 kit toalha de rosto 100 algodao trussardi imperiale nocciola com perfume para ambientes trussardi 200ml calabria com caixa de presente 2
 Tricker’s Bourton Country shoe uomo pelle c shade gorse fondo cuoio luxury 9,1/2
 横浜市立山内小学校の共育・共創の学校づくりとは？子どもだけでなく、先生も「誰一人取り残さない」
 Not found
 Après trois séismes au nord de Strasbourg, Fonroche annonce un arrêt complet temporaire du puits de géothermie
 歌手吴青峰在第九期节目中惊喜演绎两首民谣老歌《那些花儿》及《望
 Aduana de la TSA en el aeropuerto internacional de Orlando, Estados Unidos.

● YOUR TASK: Write down every record shown above precisely.

● EXERCISE RESPONSE:
 kit toalha de rosto 100 algodao trussardi imperiale nocciola com perfume para ambientes trussardi 200ml calabria com caixa de presente 2
 Tricker’s Bourton Country shoe uomo pelle c shade gorse fondo cuoio luxury 9,1/2
 横浜市立山内小学校の共育・共創の学校づくりとは？子どもだけでなく、先生も「誰一人取り残さない」
 Not found
 Après trois séismes au nord de Strasbourg, Fonroche annonce un arrêt complet temporaire du puits de géothermie
 歌手吴青峰在第九期节目中惊喜演绎两首民谣老歌《那些花儿》及《望
 Aduana de la TSA en el aeropuerto internacional de Orlando, Estados Unidos.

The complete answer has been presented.